Note: delm_record_id and delm_score are metadata that are merged in after loading, so they're only available from extract(), not from get_extraction_results().
delm = DELM(
schema=schema,
use_disk_storage=True,
experiment_path="experiments/my_run"
)
# Run extraction
results_df = delm.extract("data.csv") # Returns all columns
# Later, reload just extraction data
extraction_only = delm.get_extraction_results() # Returns only DELM columns
Transforming Results with explode_json_results()¶
The explode_json_results() function converts nested JSON into flat, tabular format for analysis. How it works depends on your schema type.
Simple Schema¶
For simple schemas, each row represents one chunk with all extracted fields as columns.
from delm import DELM, Schema, ExtractionVariable
from delm.utils.post_processing import explode_json_results
# Define simple schema
schema = Schema.simple([
ExtractionVariable(name="company", data_type="string"),
ExtractionVariable(name="price", data_type="number"),
ExtractionVariable(name="currency", data_type="string")
])
delm = DELM(schema=schema, provider="openai", model="gpt-4o-mini")
results = delm.extract("data.csv")
# Explode JSON
exploded = explode_json_results(results, schema)
Input JSON (in delm_extracted_data_json):
{"company": "Apple", "price": 150, "currency": "USD"}
Output Table:
| delm_chunk_id | company | price | currency |
|---|---|---|---|
| 0 | Apple | 150 | USD |
| 1 | 2800 | USD |
Nested Schema¶
For nested schemas, each item in the list becomes its own row.

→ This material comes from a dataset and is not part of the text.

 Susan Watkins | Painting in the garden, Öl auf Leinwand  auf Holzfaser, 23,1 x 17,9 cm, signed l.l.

Multiple items from the same chunk will create multiple rows.
schema = Schema.nested(
container_name="commodities",
variables_list=[
ExtractionVariable(name="commodity", data_type="string"),
ExtractionVariable(name="price", data_type="number"),
ExtractionVariable(name="unit", data_type="string")
]
)
delm = DELM(schema=schema, provider="openai", model="gpt-4o-mini")

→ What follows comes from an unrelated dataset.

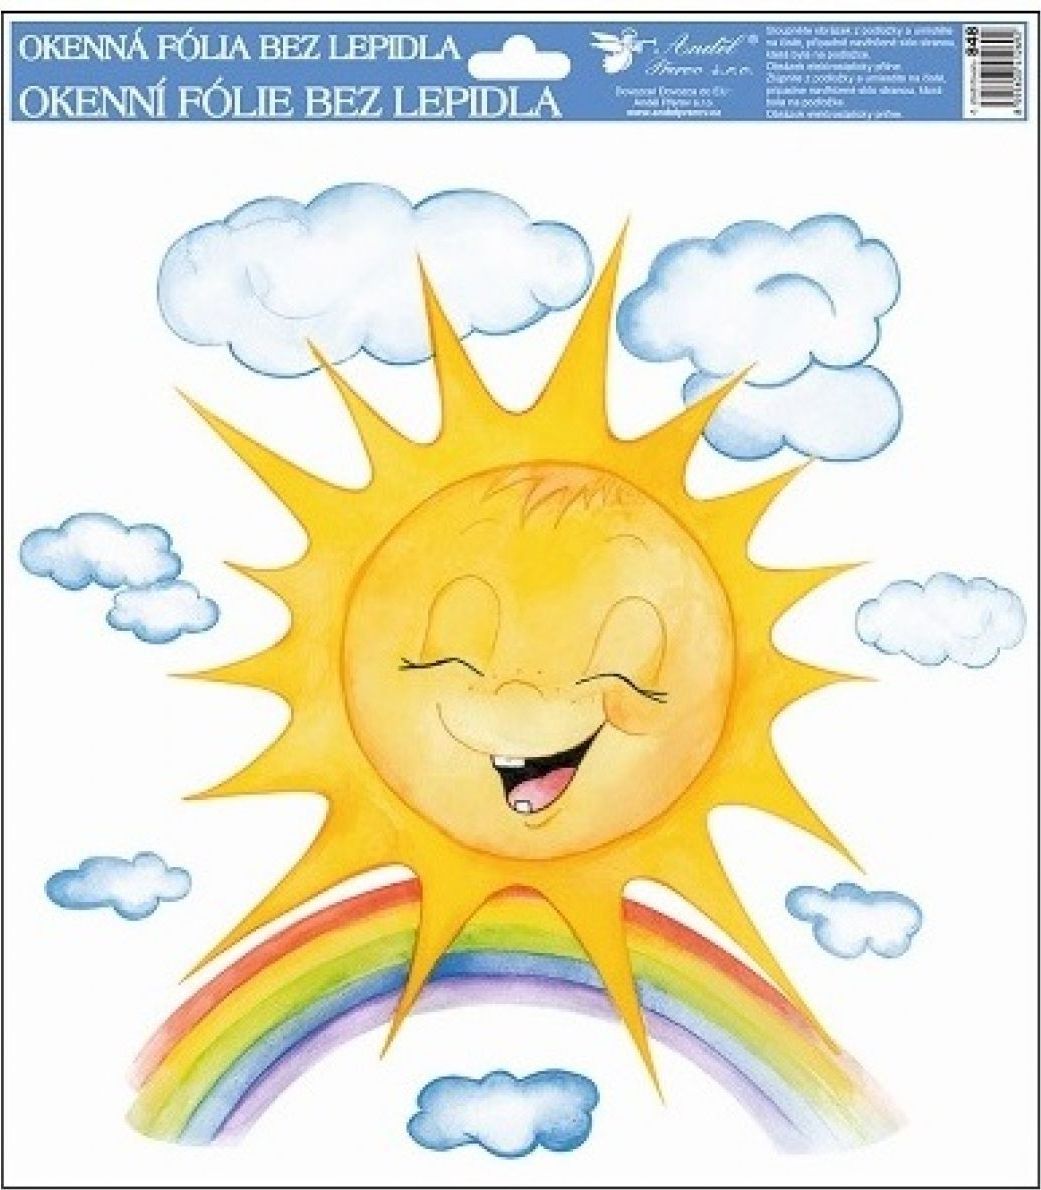 Anděl Okenní fólie ručně malovaná sluníčka 30 x 30 cm Sluníčko s duhou - obrázek 1

results = delm.extract("data.csv")
# Explode JSON
exploded = explode_json_results(results, schema)
Input JSON (in delm_extracted_data_json):
{
"commodities": [
{"commodity": "oil", "price": 75, "unit": "barrel"},
{"commodity": "gold", "price": 1950, "unit": "ounce"}
]
}
Output Table:
| delm_chunk_id | commodity | price | unit |
|---|---|---|---|
| 0 | oil | 75 | barrel |
| 0 | gold | 1950 | ounce |
| 1 | silver | 24 | ounce |
Note: Both "oil" and "gold" have the same delm_chunk_id (0) because they came from the same chunk.
Multiple Schema¶
For multiple schemas, each sub-schema is exploded separately, and a schema_name column identifies which schema each row belongs to.
schema = Schema.multiple({
"commodities": Schema.nested(
container_name="items",
variables_list=[
ExtractionVariable(name="name", data_type="string"),
ExtractionVariable(name="price", data_type="number")
]
),
"companies": Schema.nested(
container_name="items",
variables_list=[
ExtractionVariable(name="name", data_type="string"),
ExtractionVariable(name="sector", data_type="string")
]
)
})
delm = DELM(schema=schema, provider="openai", model="gpt-4o-mini")
results = delm.extract("data.csv")
# Explode JSON
exploded = explode_json_results(results, schema)
Input JSON (in delm_extracted_data_json):
{
"commodities": [{"name": "oil", "price": 75}],
"companies": [{"name": "Exxon", "sector": "energy"}]
}
Output Table:
| delm_chunk_id | schema_name | name | price | sector |
|---|---|---|---|---|
| 0 | commodities | oil | 75 | None |
| 0 | companies | Exxon | None | energy |
| 1 | commodities | gold | 1950 | None |
| 1 | companies | Shell | None | energy |
Note: Fields that don't exist in a schema are filled with None (e.g., "sector" is None for commodities rows).